When assessing a home health care agency, it’s essential to consider its capacity to attract and keep employees in a competitive labor market. Elevated labor costs affect profit margins by raising expenses and constraining the company’s ability to care for patients, limiting its growth potential.

“It’s the ability to staff cases and continue staffing those cases,” Levinson said. “[Companies are] competing with other providers in the marketplace, in some cases for the same workers, so that has driven up wages beyond the market norm in some areas.”

EBITDA and technological efficiencies make for unique situations

A company’s valuation is typically based on a multiple of earnings before interest, taxes and amortization (EBITDA). EBITDA removes the company’s cost of selling a product or service and shows how much money is made after deducting all expenses except taxes, interest or amortization. This indicates the quality of the profit that a company makes after expenses.

However, Levinson said valuation is not always strictly based on EBITDA because of adjustments that make companies unique.

“Investors often consider the components of the EBITDA number,” Levinson explained. “Factors such as staffing levels, borrowing costs, market rates and overall market conditions are frequently discussed. They evaluate whether there is an oversupply of providers in the market and if there is competition for staff. All of these factors contribute to dynamic valuations.”

When considering a company’s EBITDA, technology is becoming increasingly important.

Technology is playing a more significant role in M&A than ever before, especially in improving efficiency, according to Levinson.

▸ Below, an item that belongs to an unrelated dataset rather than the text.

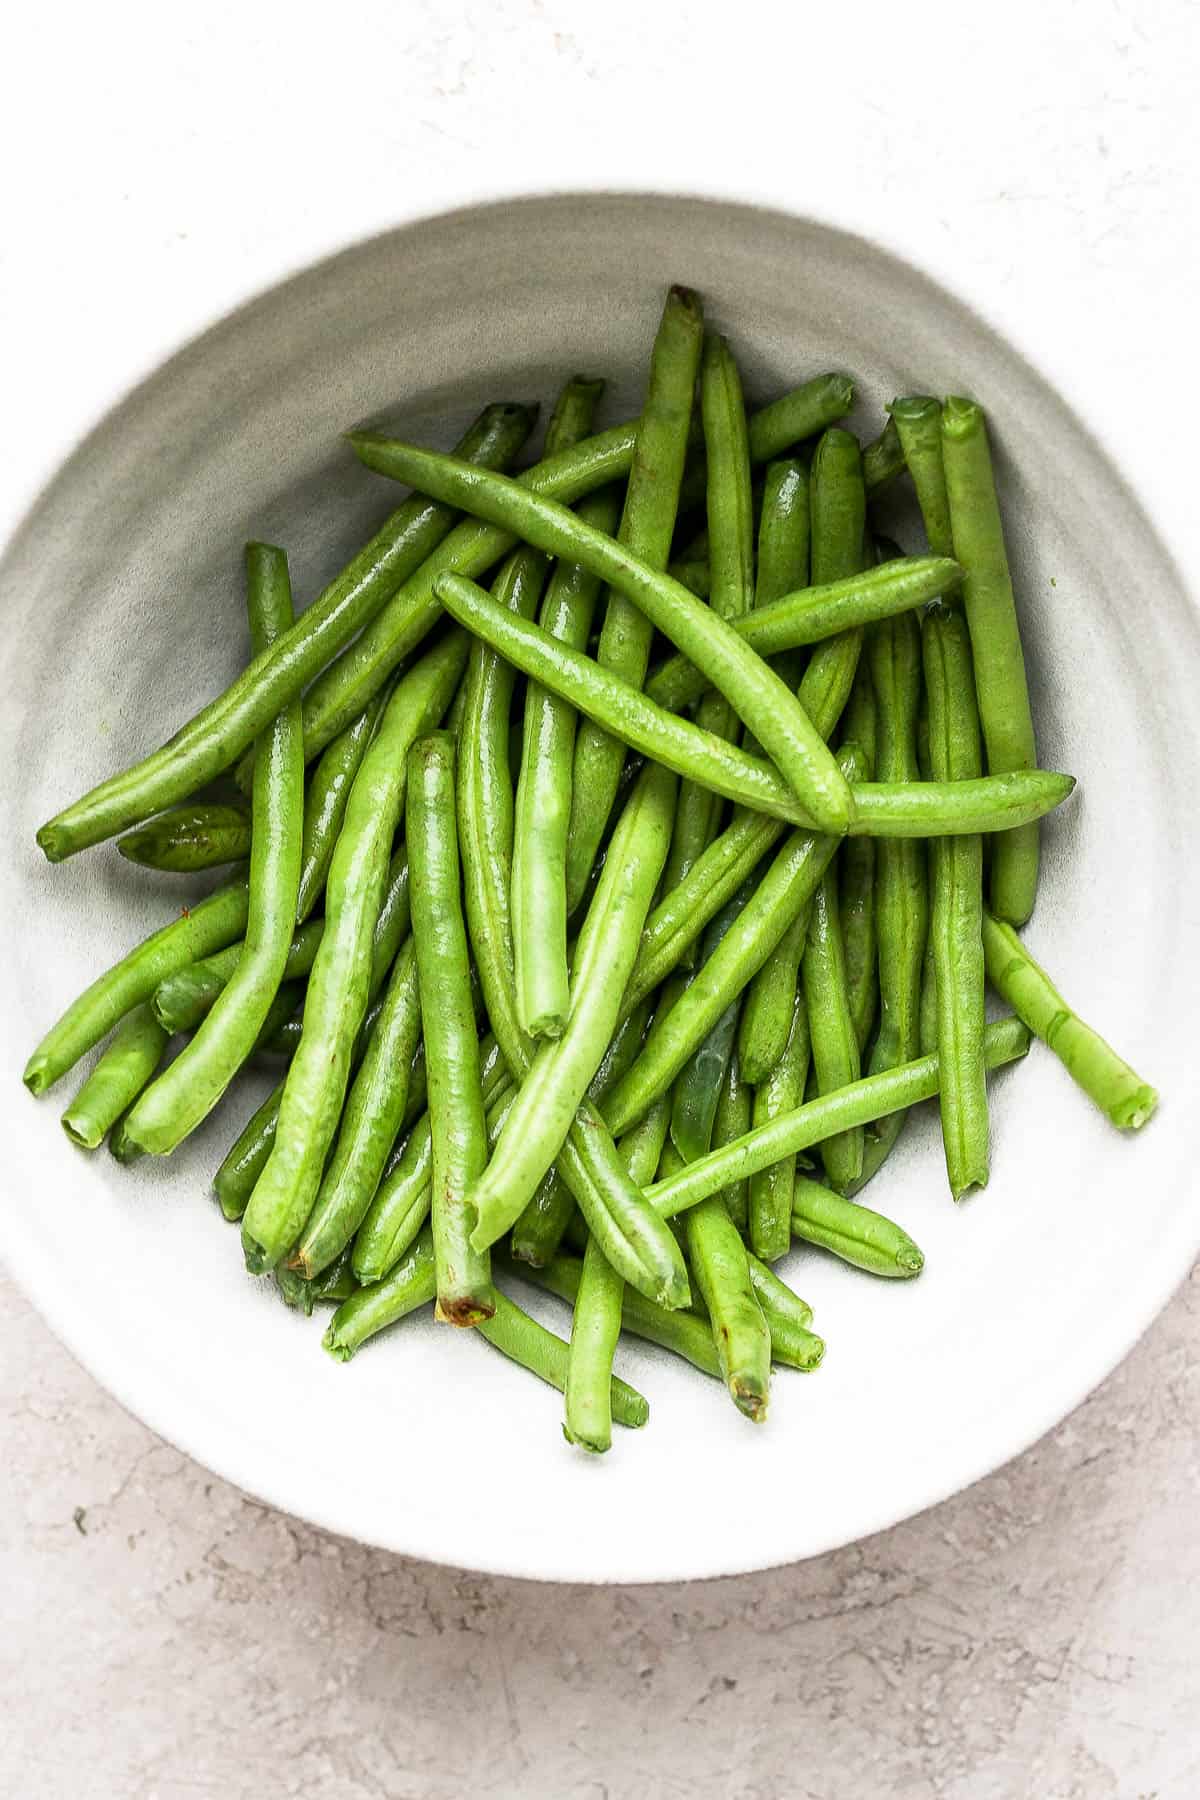 Plain green beans in a white bowl.

While staffing impacts home health care because it is a person-to-person industry, technology can help address some of the concerns caused by staffing shortages regarding growth and the ability to provide services to clients.

“Technology can be helpful, as some cases can be treated with a phone call or an intervention over Zoom,” Levinson said. “If that’s the case, then perhaps it means a worker doesn’t have to go to a home or spend more time there and can go to another patient in need of care.”

He explained that if caregivers spend less time on paperwork that can be done with AI, it creates efficiencies and allows for more time with patients.

“I believe that technology will continue to improve efficiency and reduce costs while addressing staffing shortages we’ve experienced over the past few years,” he said.